■ **TASK INSTRUCTIONS**
Although the entries contain pictures, the copy should hold only their exact text.

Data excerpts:
------------------------------

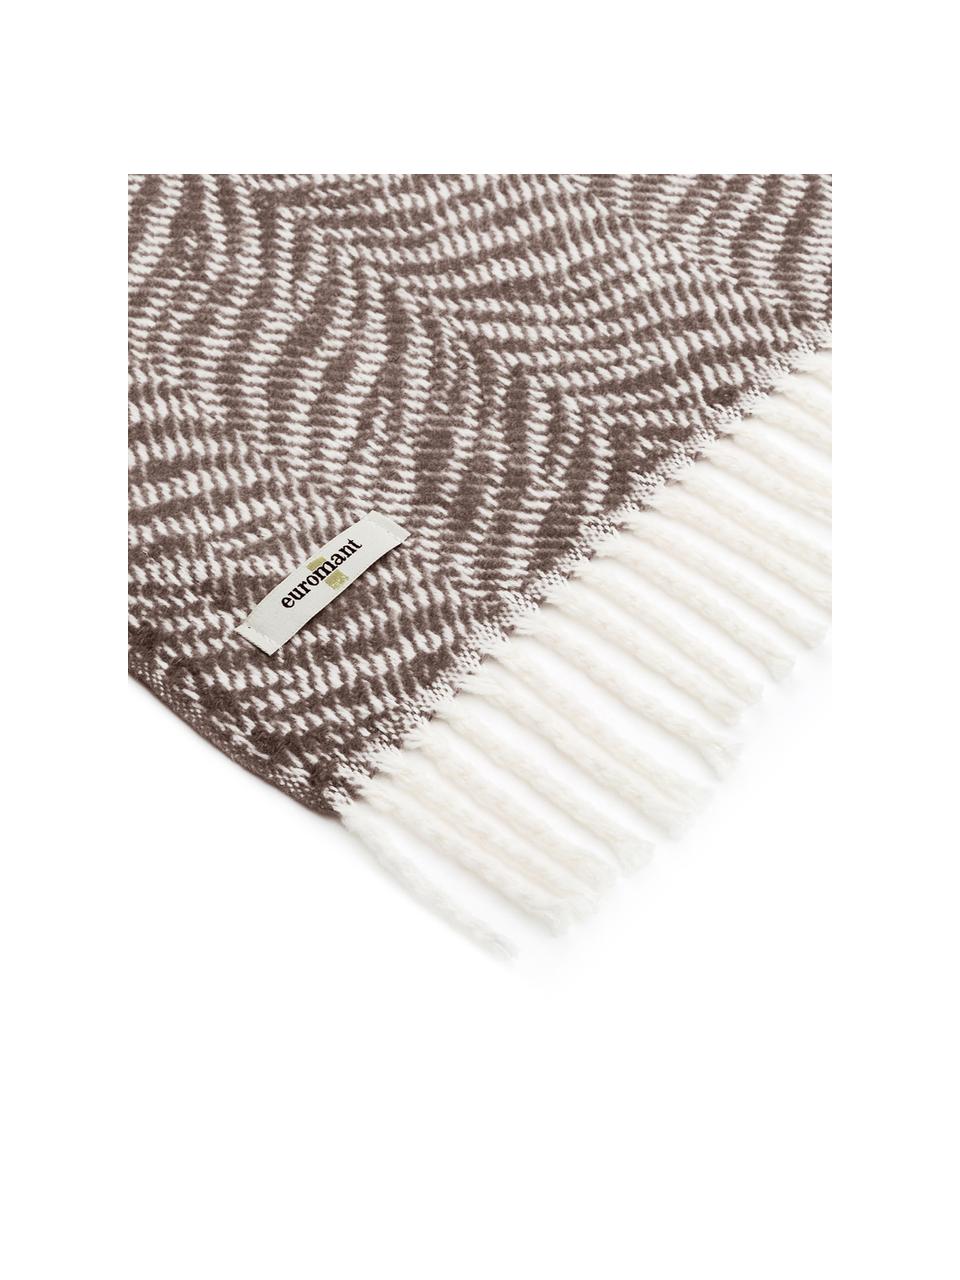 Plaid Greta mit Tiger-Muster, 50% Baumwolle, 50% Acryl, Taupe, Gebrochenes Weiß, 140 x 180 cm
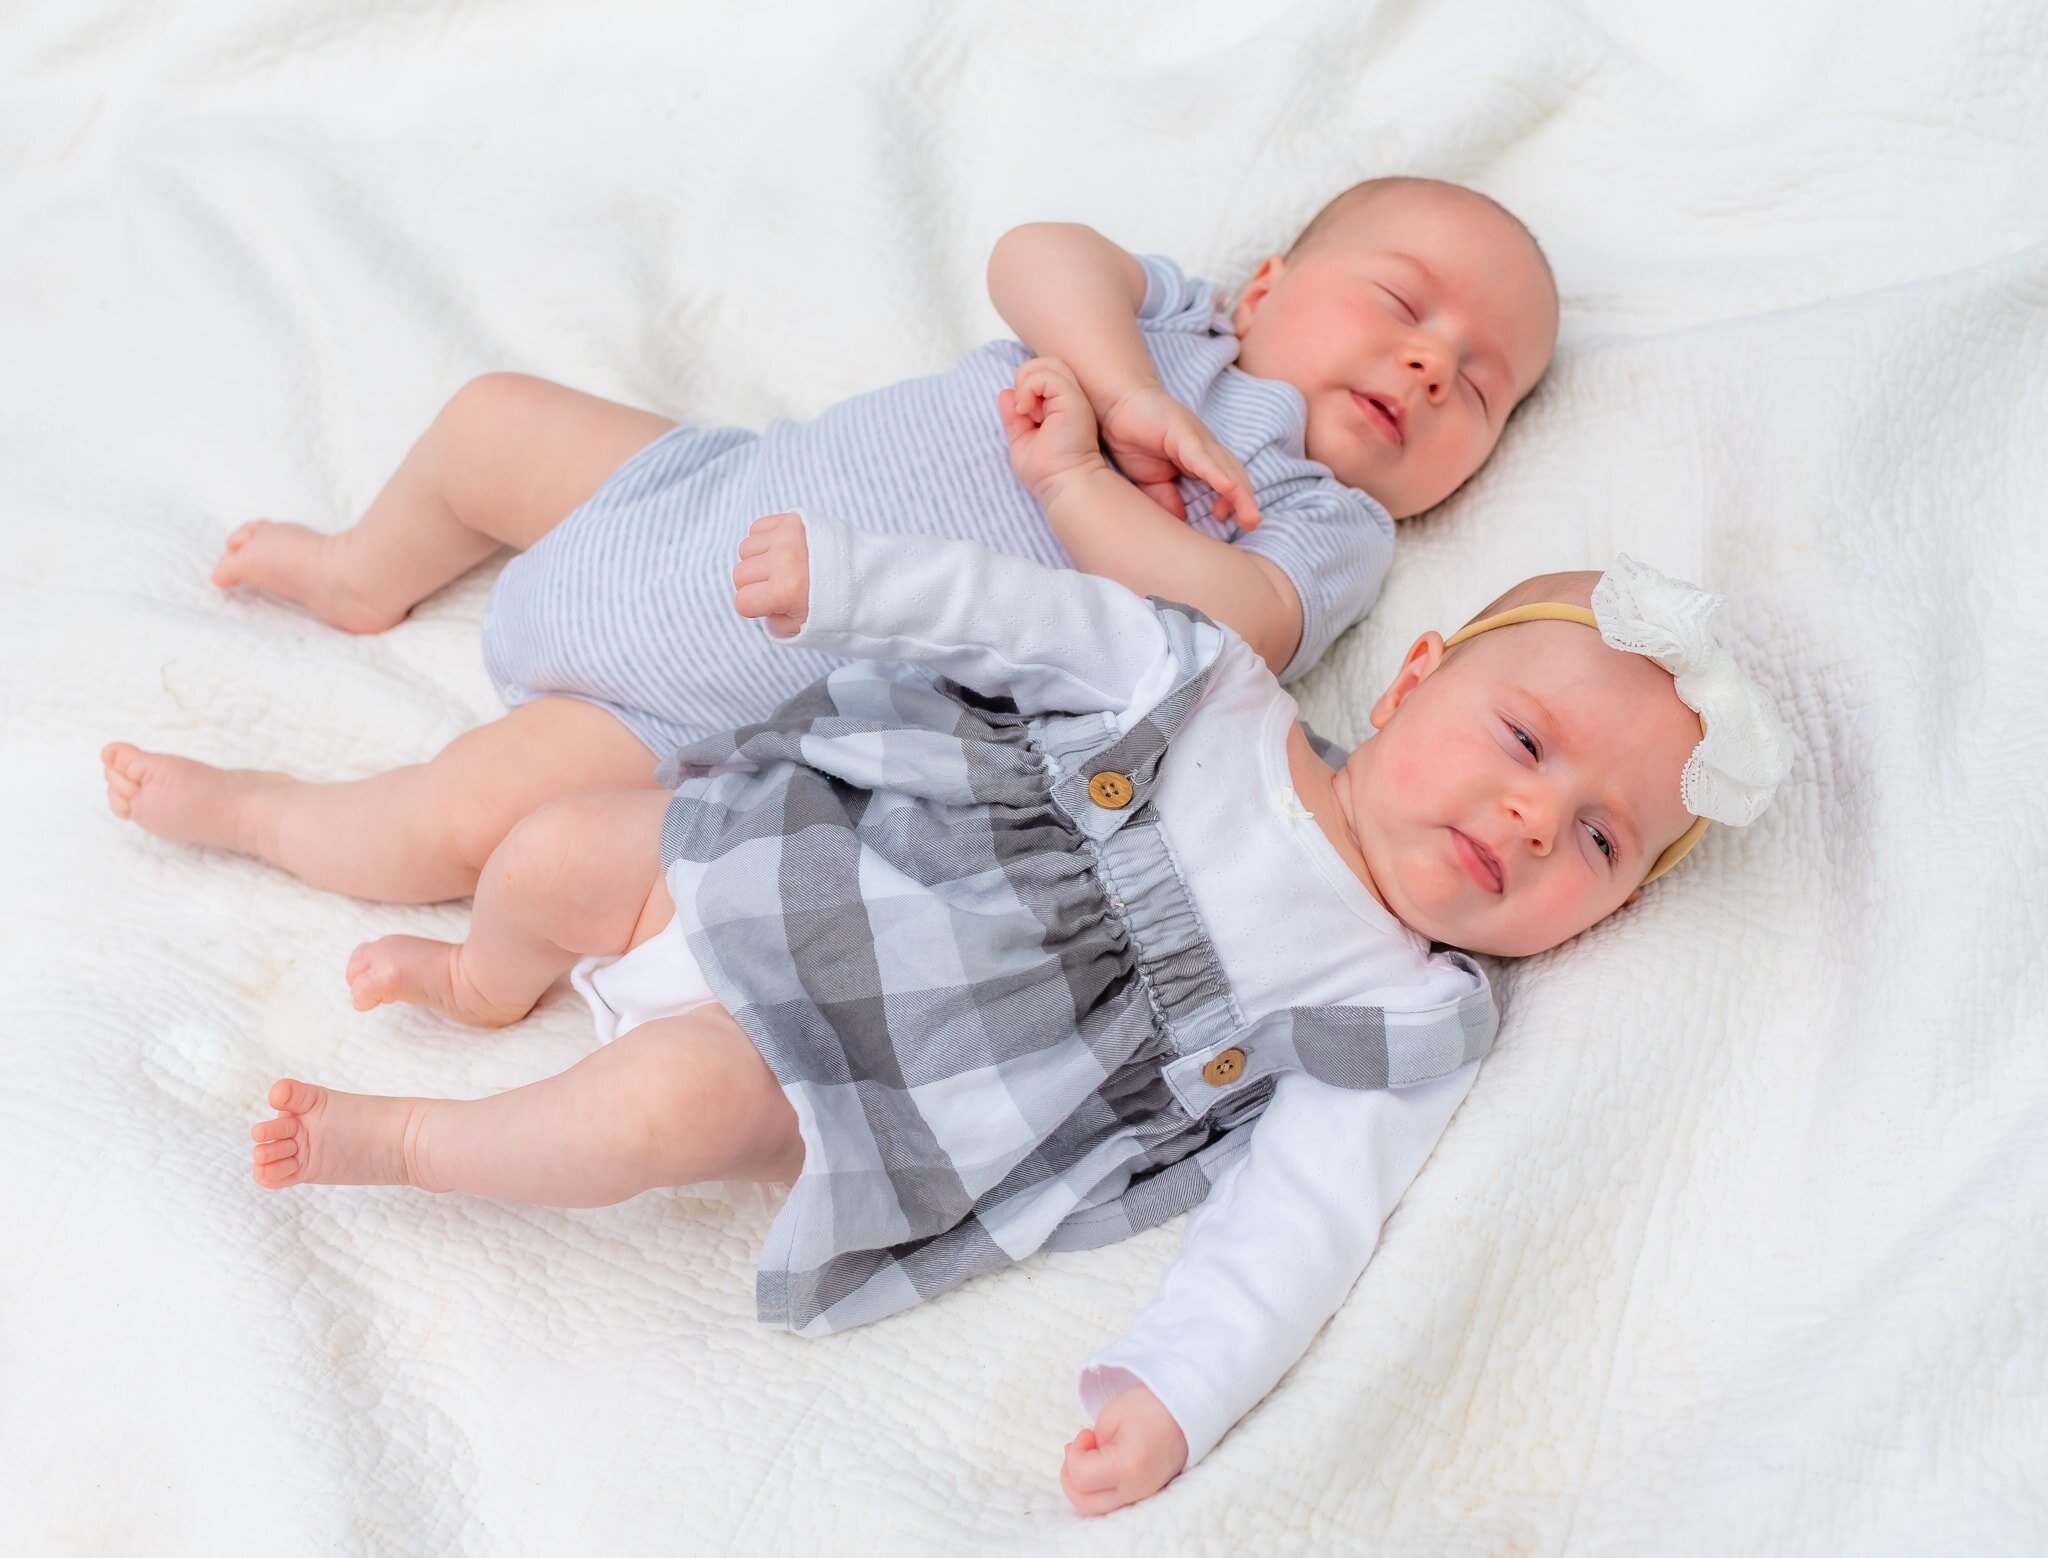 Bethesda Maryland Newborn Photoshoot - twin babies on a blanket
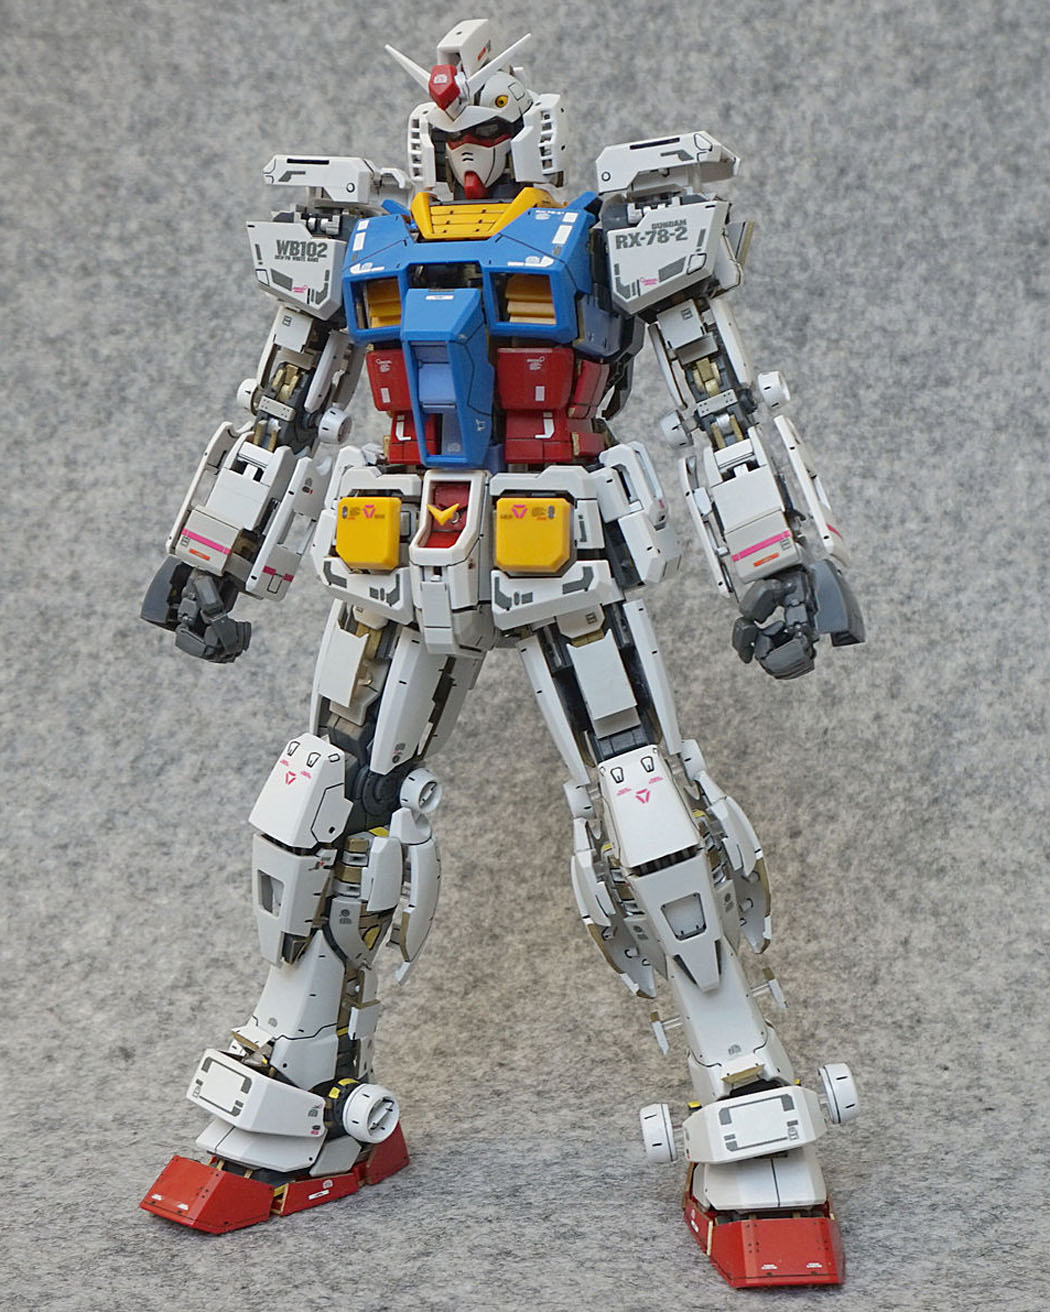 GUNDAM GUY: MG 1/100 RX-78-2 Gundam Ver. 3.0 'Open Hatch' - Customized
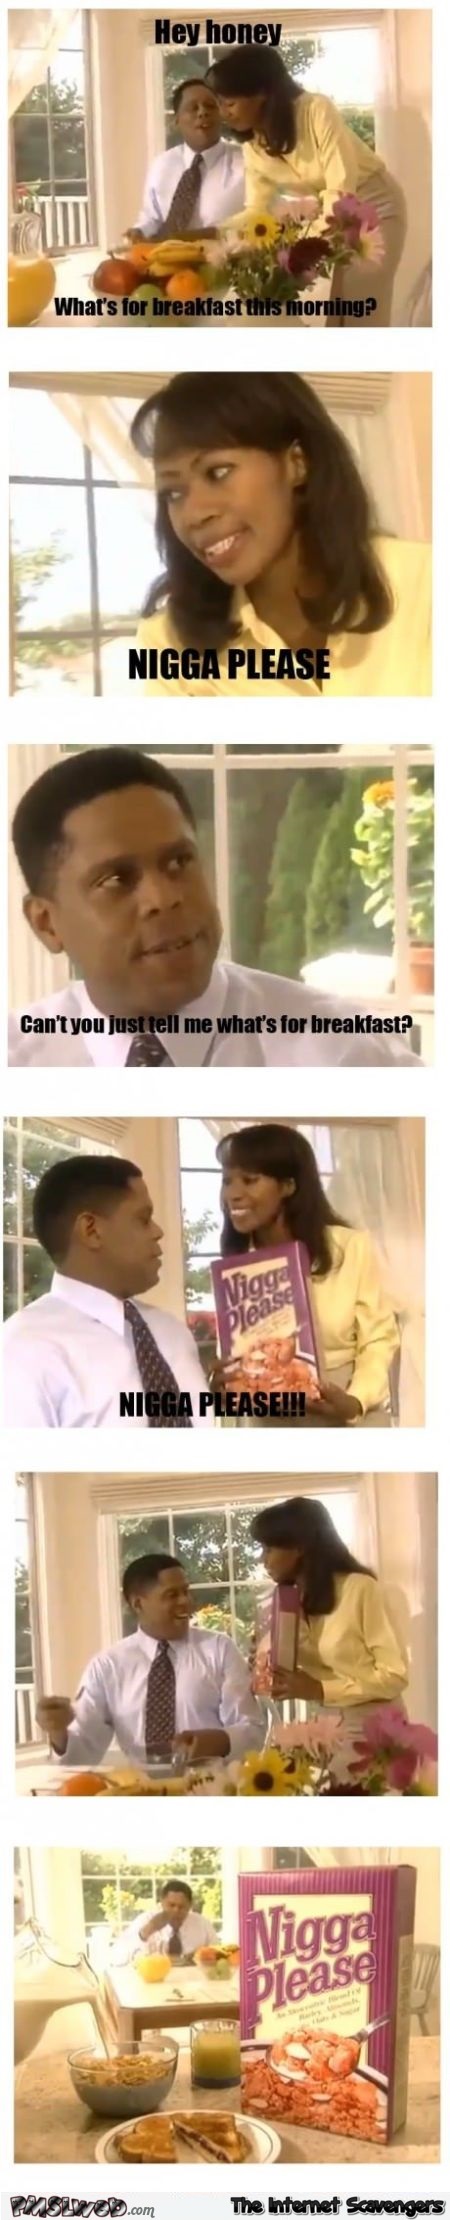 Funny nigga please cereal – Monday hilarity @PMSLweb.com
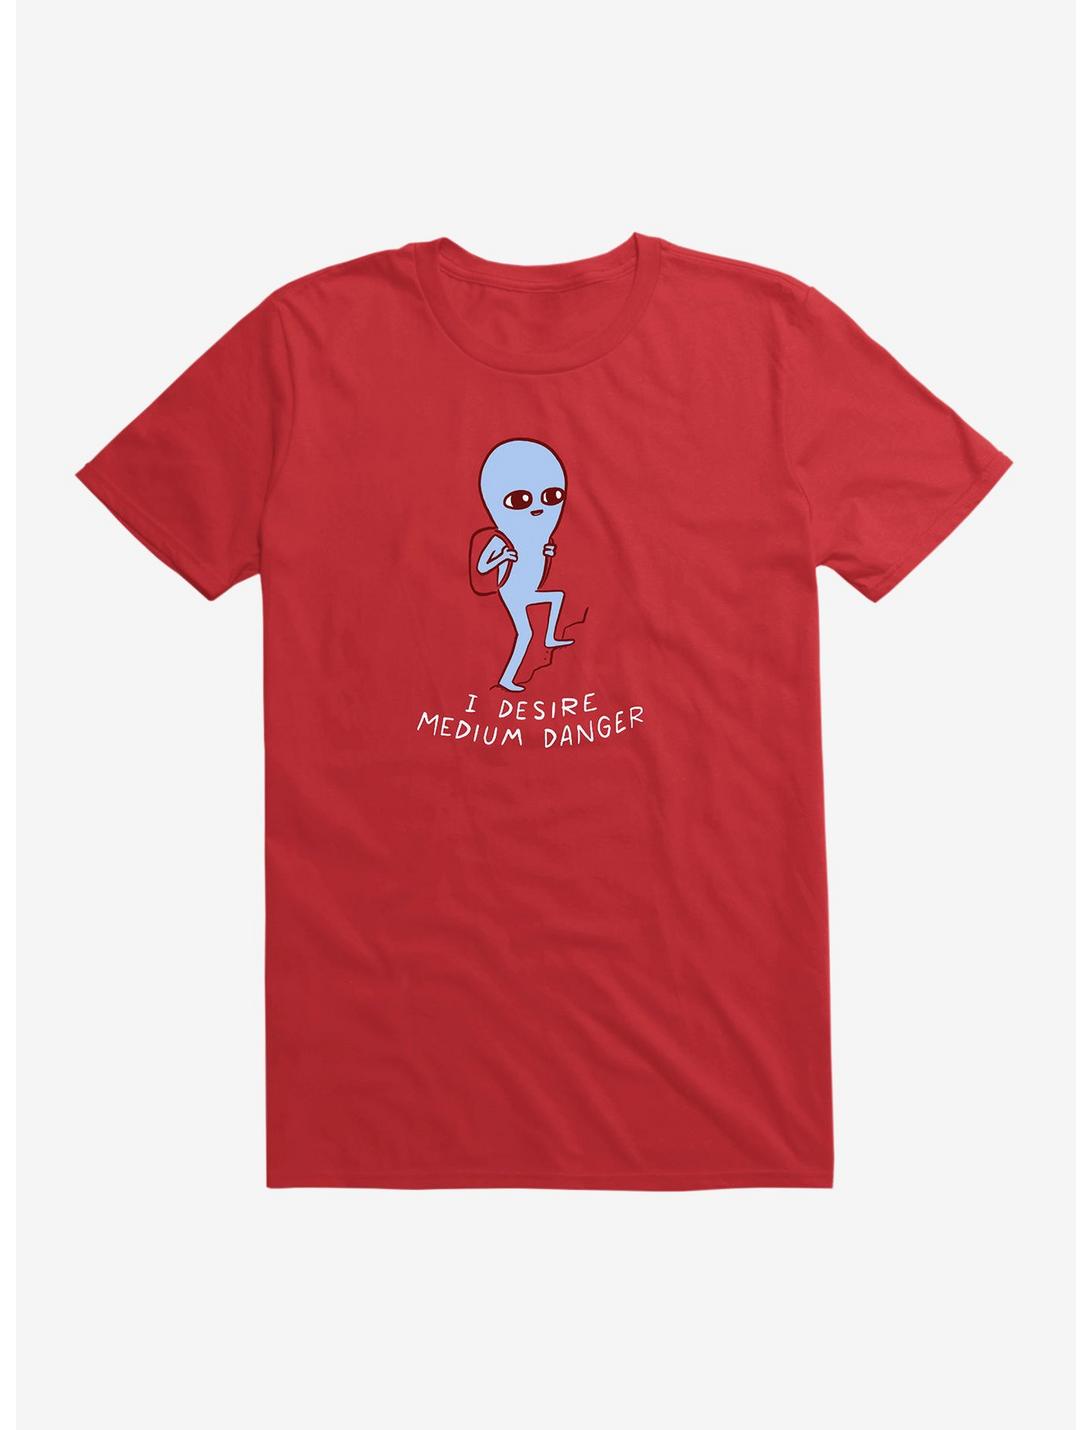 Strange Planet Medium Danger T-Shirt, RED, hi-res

------------------------------

■ **YOUR SOLUTION**
 Plaid Greta mit Tiger-Muster, 50% Baumwolle, 50% Acryl, Taupe, Gebrochenes Weiß, 140 x 180 cm
 Bethesda Maryland Newborn Photoshoot - twin babies on a blanket
 GUNDAM GUY: MG 1/100 RX-78-2 Gundam Ver. 3.0 'Open Hatch' - Customized
 Funny nigga please cereal – Monday hilarity @PMSLweb.com
 Strange Planet Medium Danger T-Shirt, RED, hi-res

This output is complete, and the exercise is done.